MATERIAL PROVIDED: Begin
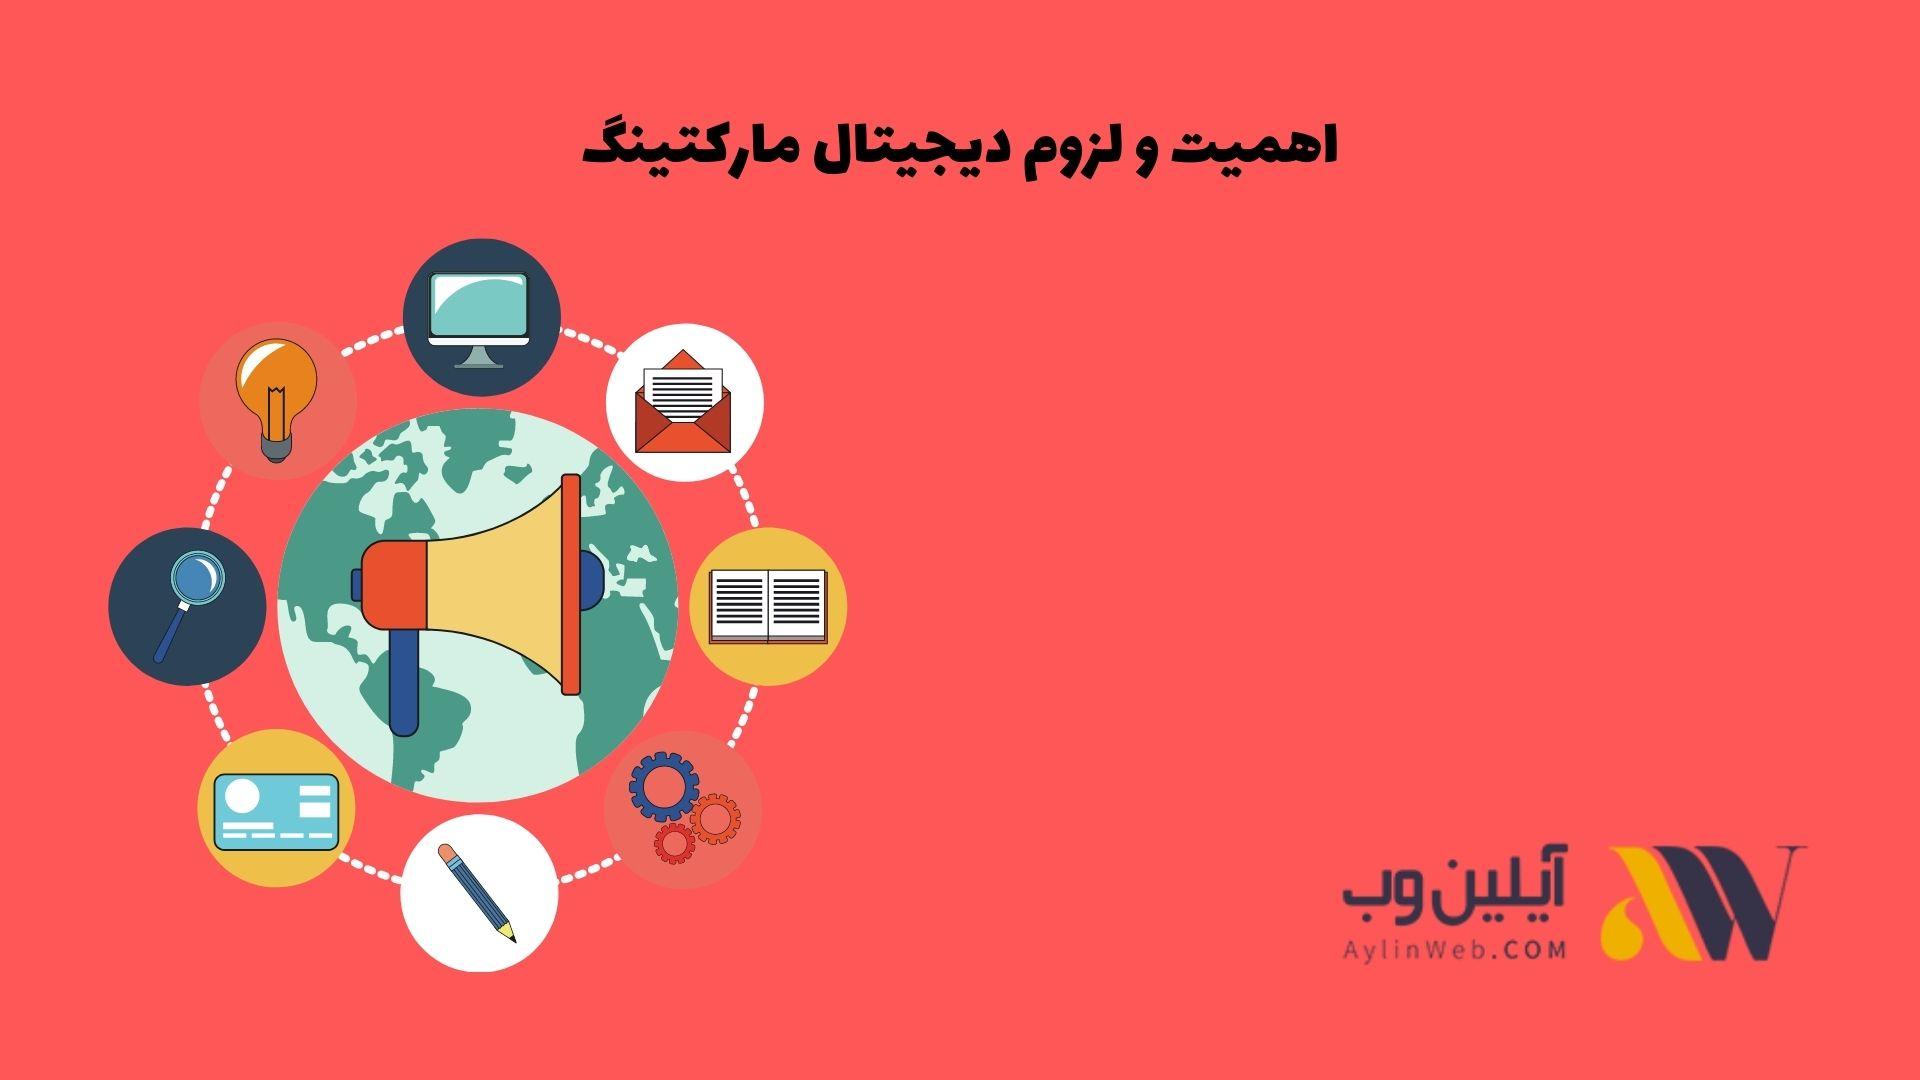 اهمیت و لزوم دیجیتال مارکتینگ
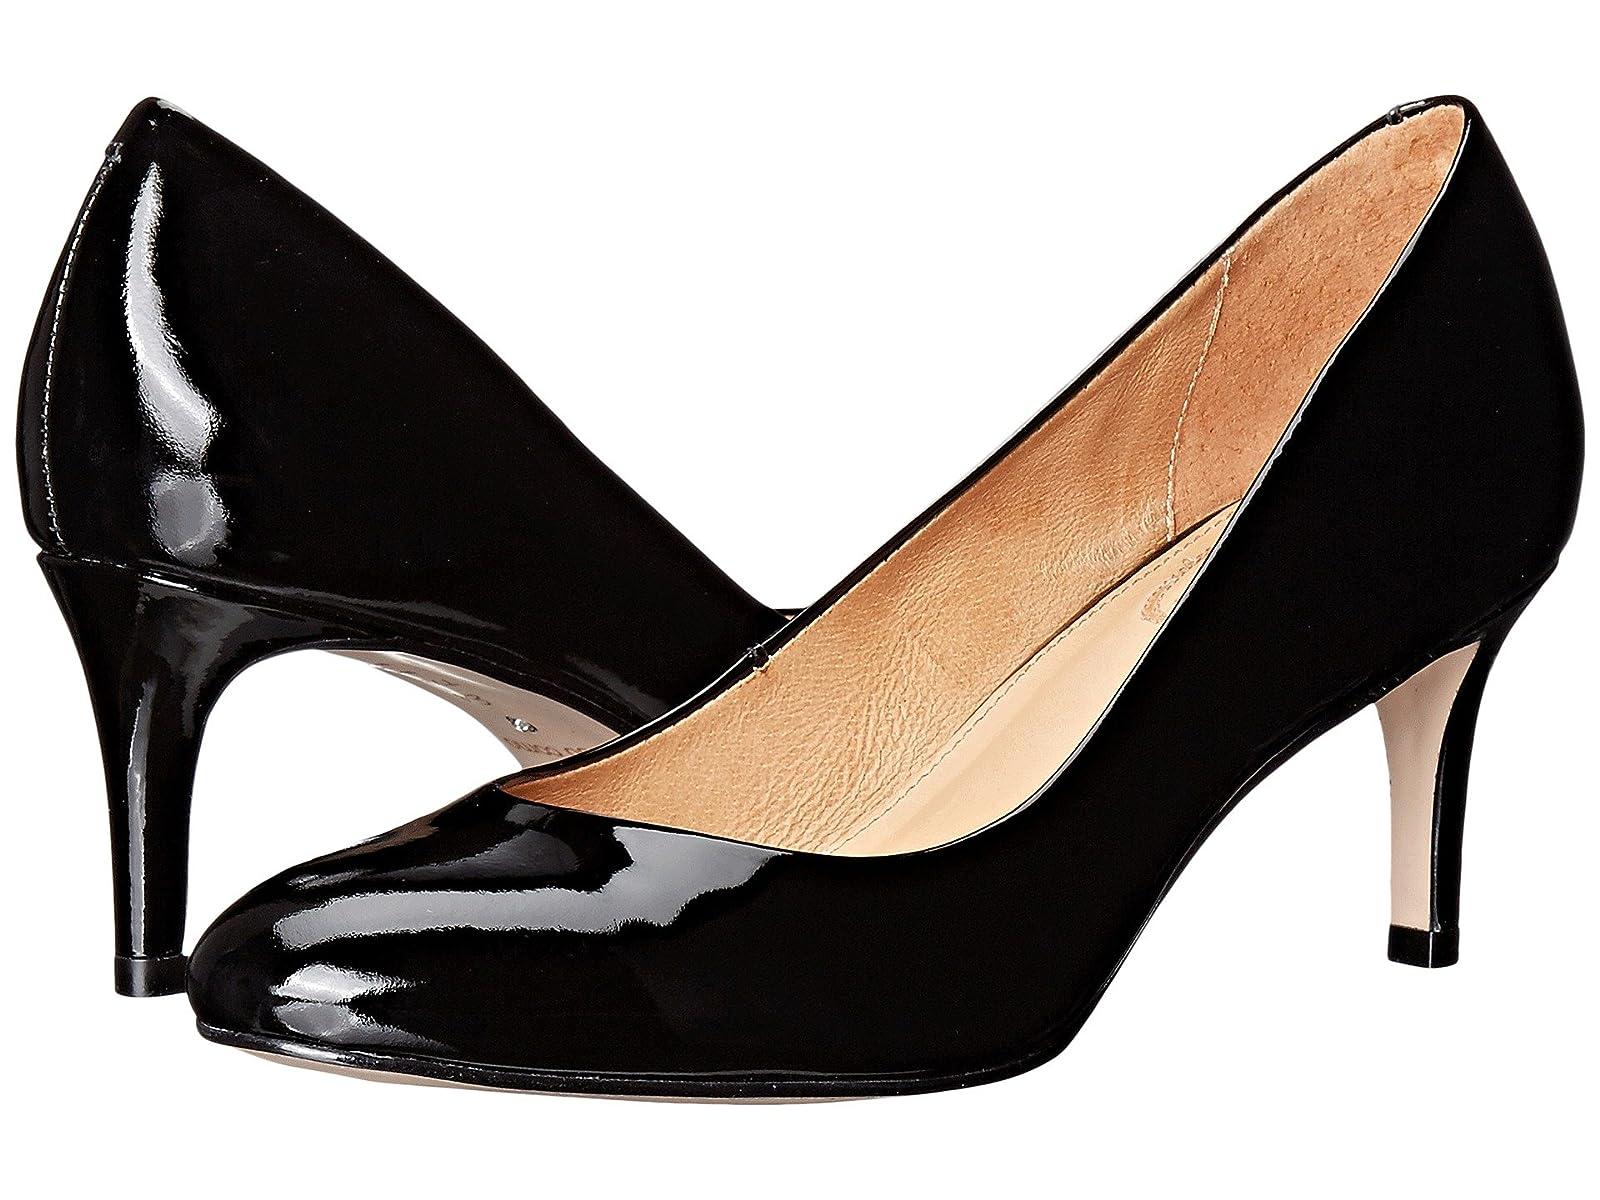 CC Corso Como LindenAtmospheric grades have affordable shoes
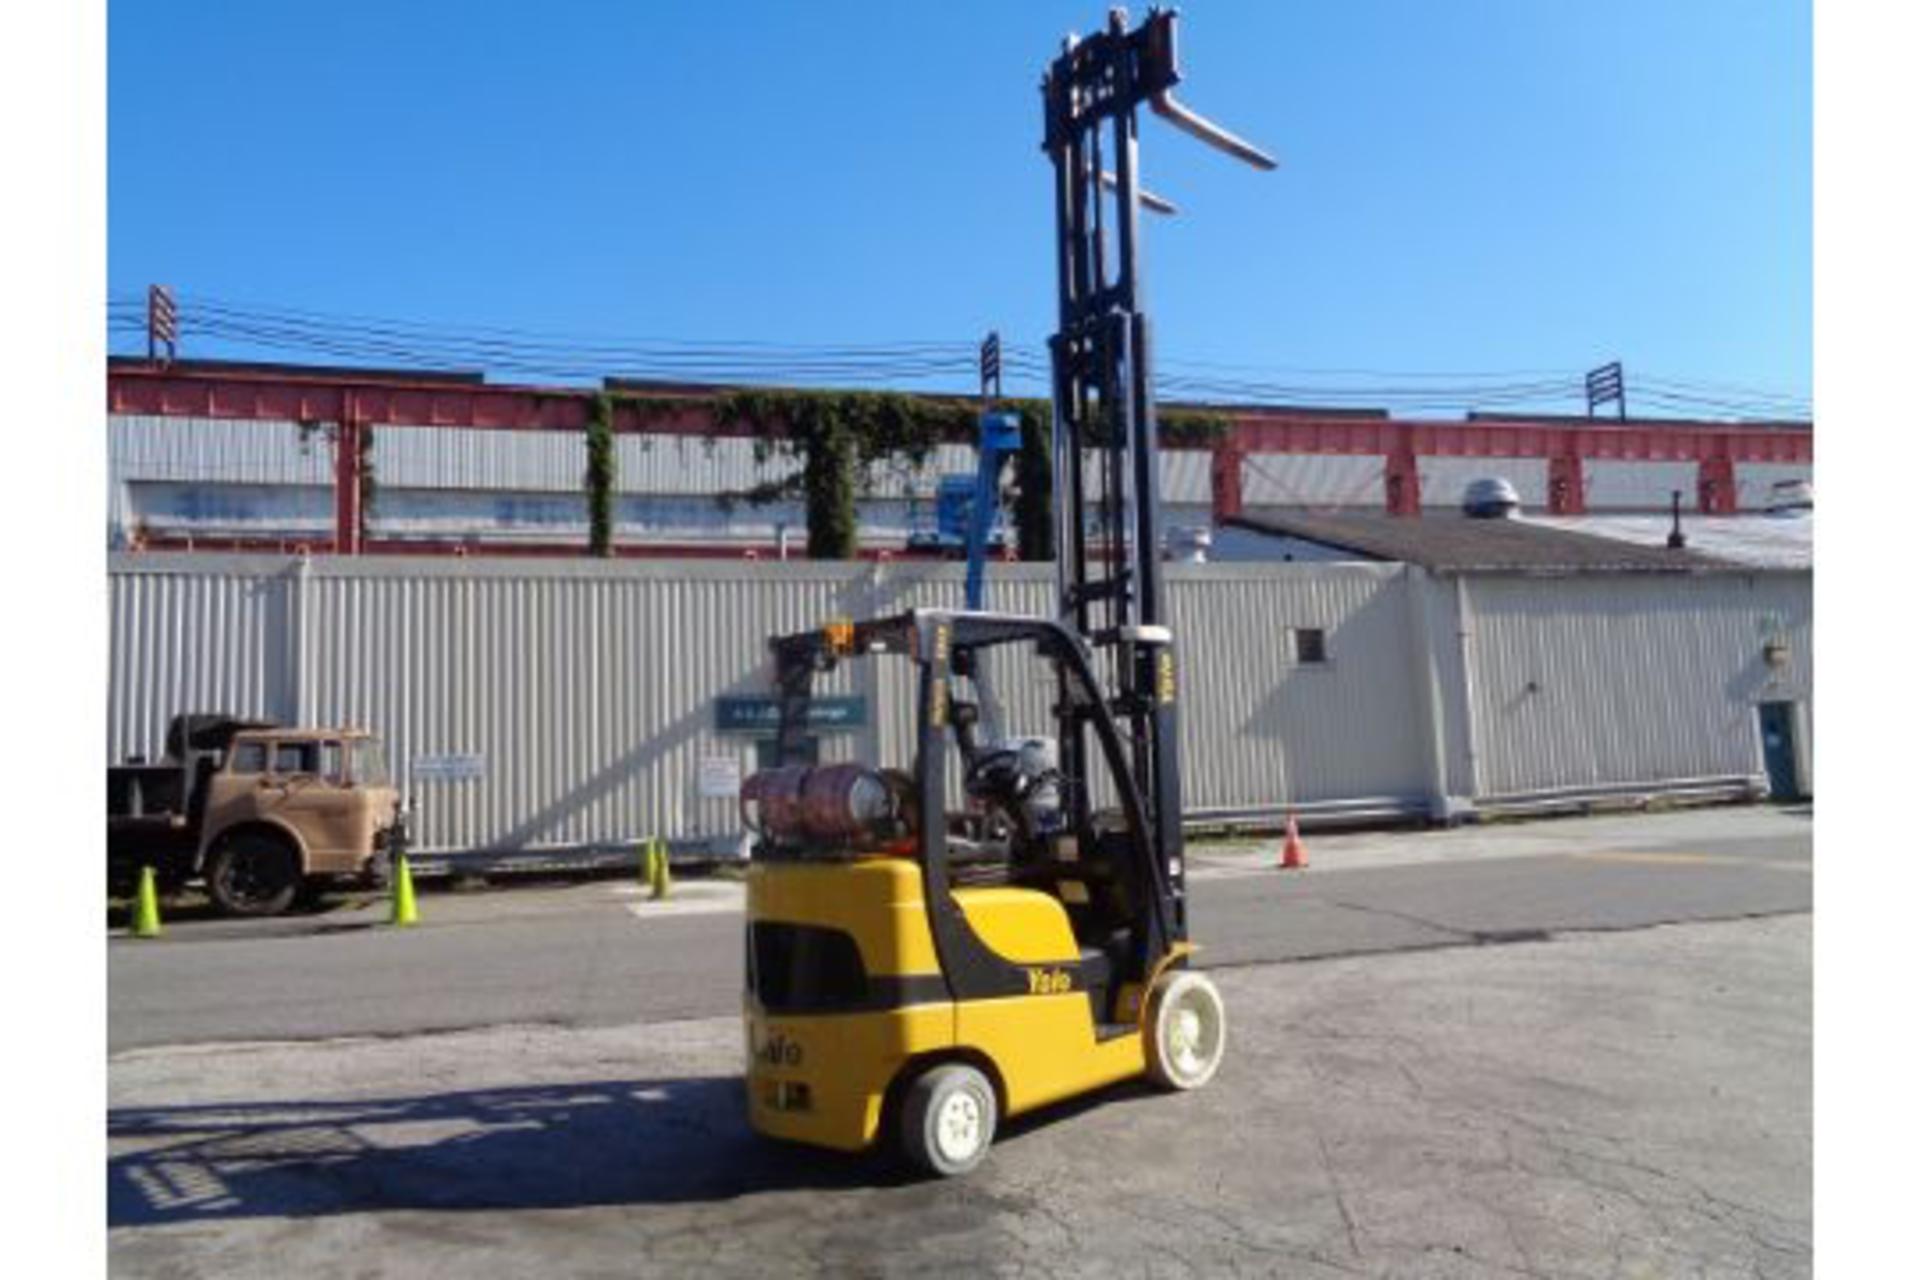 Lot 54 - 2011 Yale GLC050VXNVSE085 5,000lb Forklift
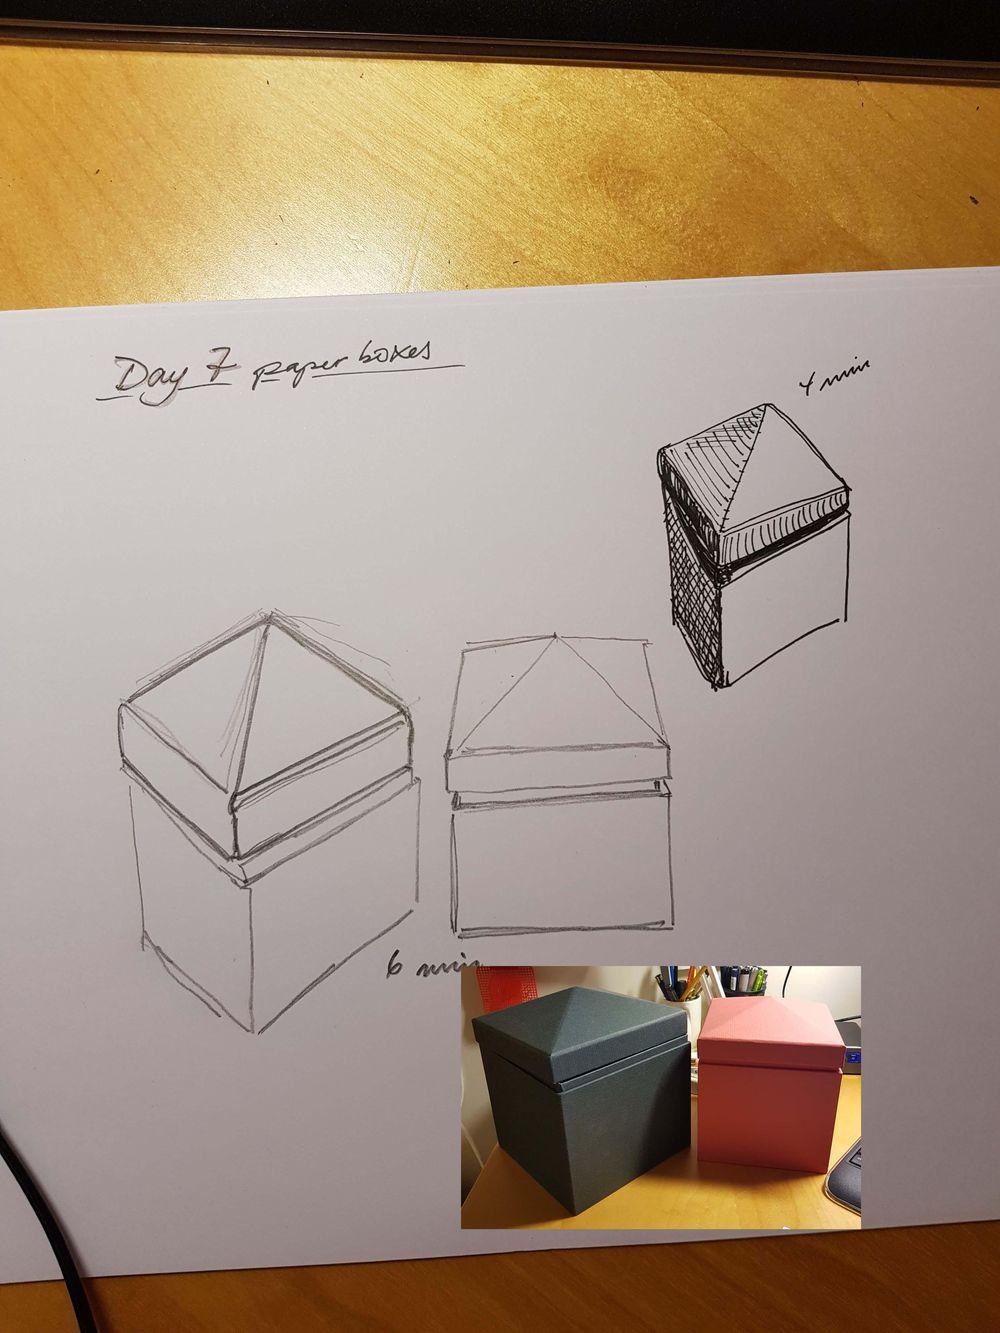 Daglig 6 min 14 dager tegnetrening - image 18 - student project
MATERIAL PROVIDED: End
The listing above should be returned word for word, with pictures omitted.

- EXERCISE ANSWER -
 اهمیت و لزوم دیجیتال مارکتینگ
 CC Corso Como LindenAtmospheric grades have affordable shoes
 Lot 54 - 2011 Yale GLC050VXNVSE085 5,000lb Forklift
 Daglig 6 min 14 dager tegnetrening - image 18 - student project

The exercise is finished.